Am Vortag der Parade war offizielle Begrüßung durch das Komitee der Steubenparade am Foley Square. Albert Bömer und Norman Steinich überreichten den Gastgebern die Gastgeschenke und erhielten im Gegenzug die Medaille der Steubenparade 2014. Zweisprachig stellte Albert Bömer die Reisegruppe vor: „Ob Deutsch oder Plattdeutsch – ein Komiteemitglied verstand beide Sprachen.“ Zum Abschluss der Zeremonie spielte er sich in die Herzen der Amerikaner, als er auf seiner Trompete „God bless America“, eine der inoffiziellen Nationalhymnen der USA, intonierte. Um sechs Uhr klingelte am Morgen der Parade der Wecker. Vor der Abfahrt zur St. Patrick’s Kathedrale spielte der Musikverein den Weckruf „Freut euch des Lebens“. Dabei herrschte erstmalig Gänsehautstimmung. In der größten im neugotischen Stil erbauten Kathedrale der USA feierten die Umzugsteilnehmer den Festgottesdienst. Franz Kock trug die Fahne in das erhabene Gotteshaus.

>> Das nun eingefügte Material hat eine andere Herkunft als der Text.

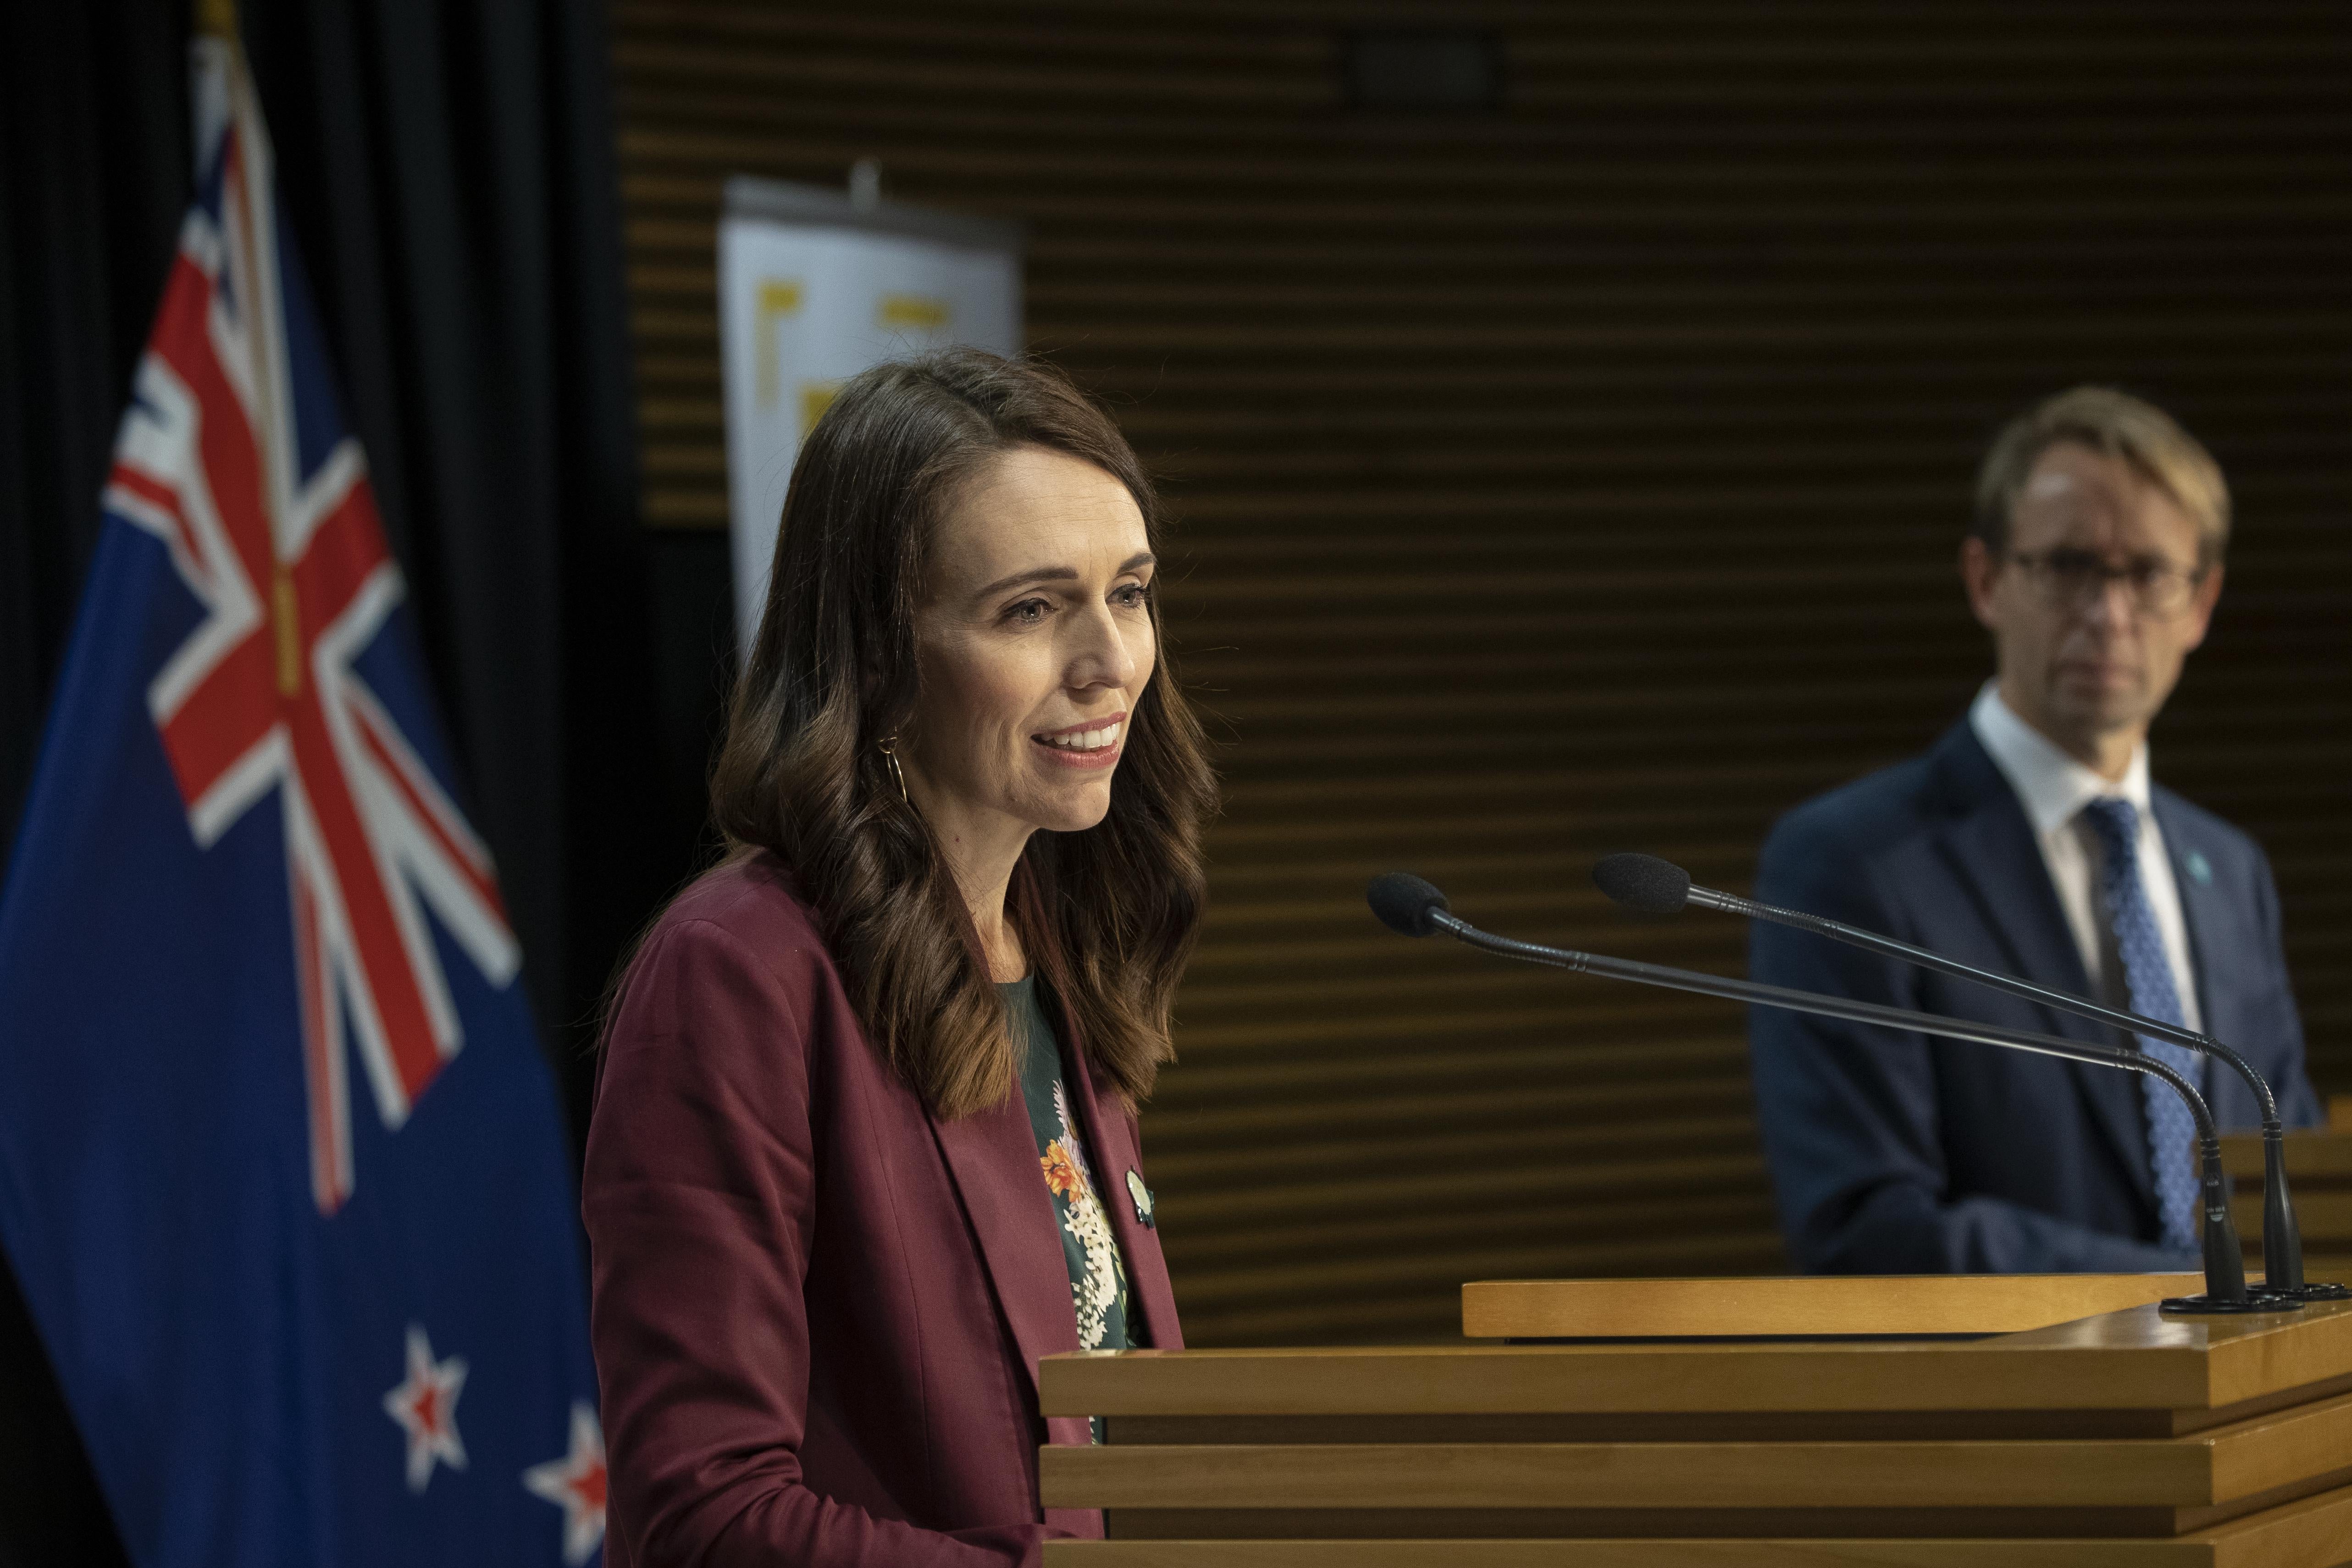 Jacinda Ardern speaks at a podium. Behind her is the New Zealand flag.

Um 12 Uhr dann setzte sich die Parade in Bewegung. Farbenfrohe Umzugswagen, bunte Trachten, Chöre, Tanzformationen, Musikbands, Würdenträger und die zahlreichen kulturellen Vereine, viele aus Deutschland, wurden von den Zuschauern bejubelt. Als 17. Einheit des Festumzugs marschierte die Nienborger Reisegruppe von der 67. Straße auf die legendäre Fifth Avenue. Der Fahne folgten drei Offiziere, das Banner – getragen von Claudia Lütke-Wissing und Katharina Katschker –, der Musikverein, vier Frauen und vier Männer in traditioneller Tracht mit einem Weggen und die Feuerwehrmänner und -frauen.

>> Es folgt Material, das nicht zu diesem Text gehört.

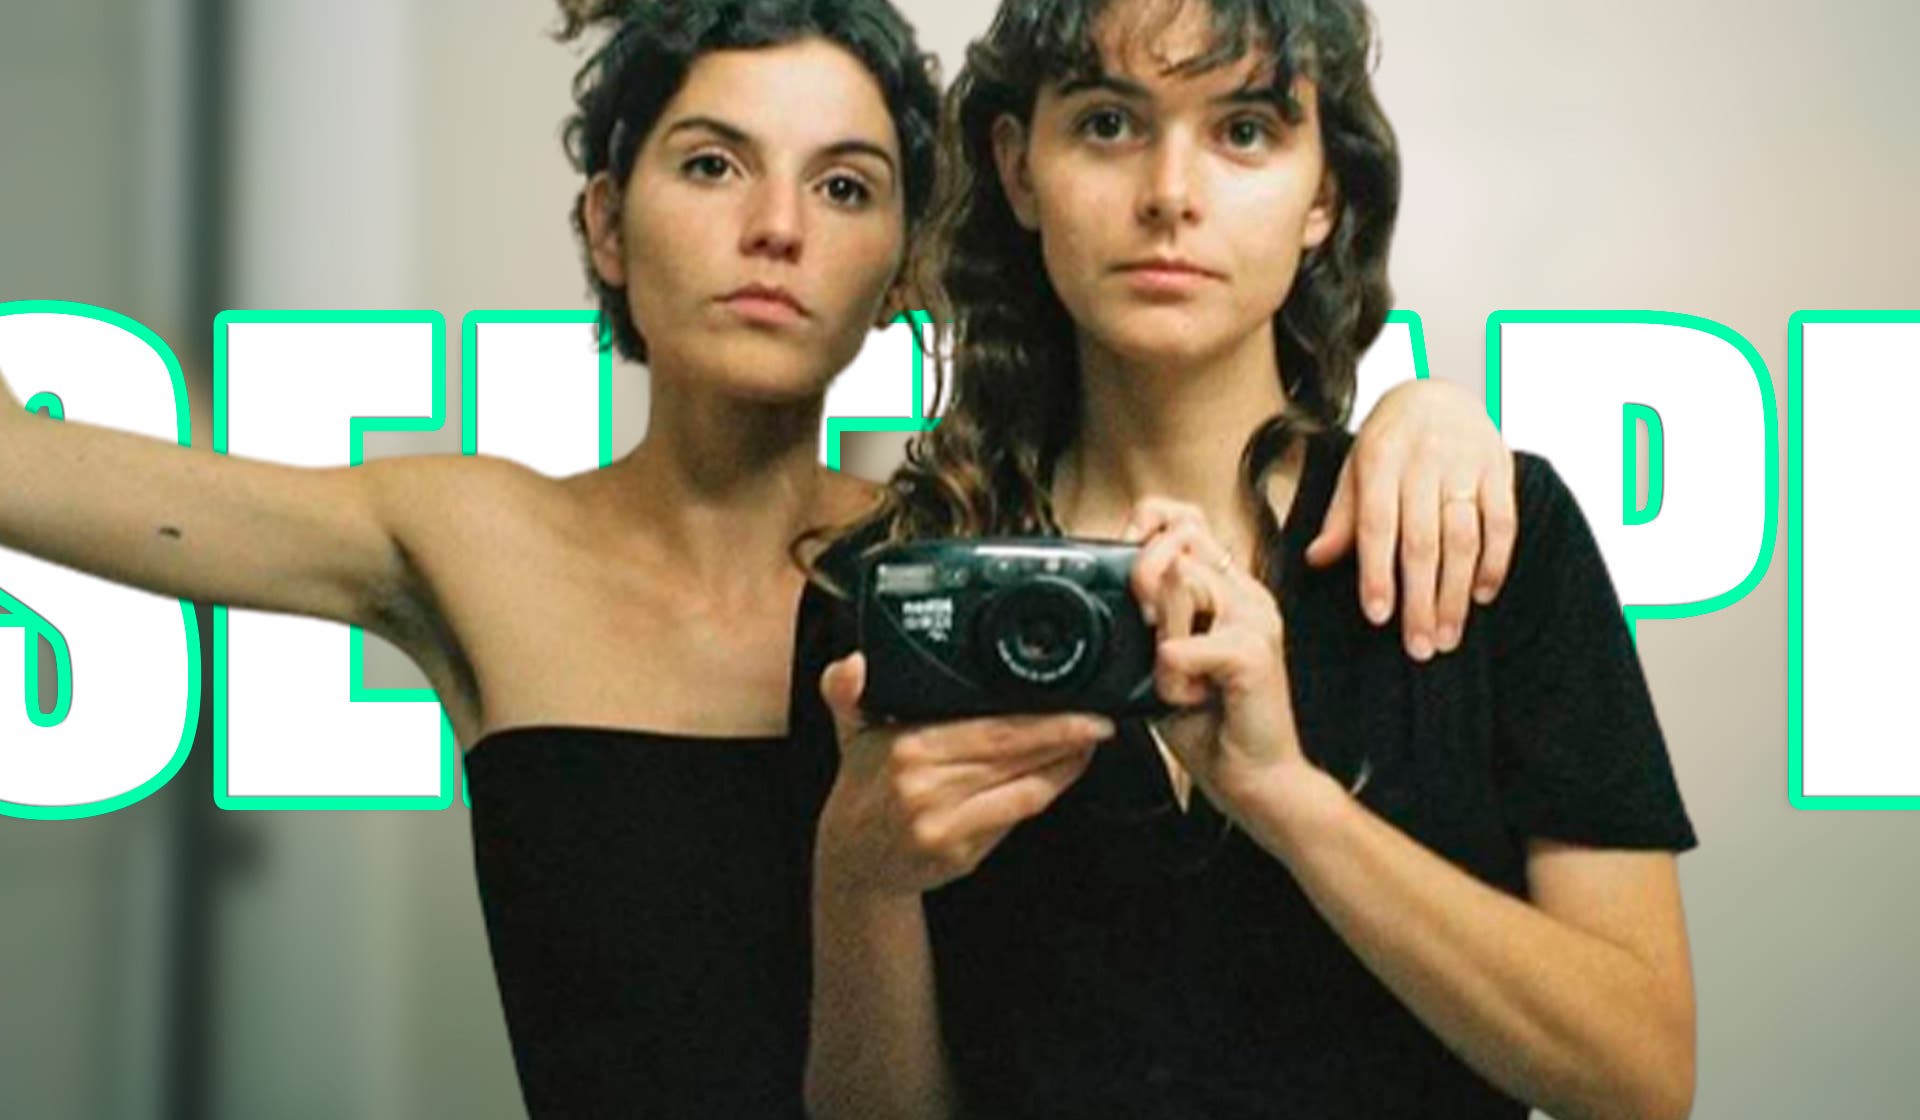 Interview with Joana and Mireia Vilapuig for Selftape: “everything that happens in Selftape is linked to a real experience”

Unter der Leitung von Rita Ellerkamp erfreute das Blasorchester die Umzugsteilnehmer und zahllosen Besucher mit flotter Marschmusik. Vor der VIP-Tribüne hielt der Zug und der Musikverein konzertierte auf dem roten Teppich den „Coburger Marsch“. Am Wegesrand hieß es auf einem Banner „New York grüßt Nienborg“ – es soll sich um gebürtige Eperaner handeln. An der 86. Straße endete die Parade. Danach waren die Nienborger bei New Yorker Feuerwehrleuten deutscher Abstammung zu Gast. Zünftig klang der Festtag beim Oktoberfest im Central Park aus. Dazu erstrahlte das Empire State Buildung in den deutschen Nationalfarben.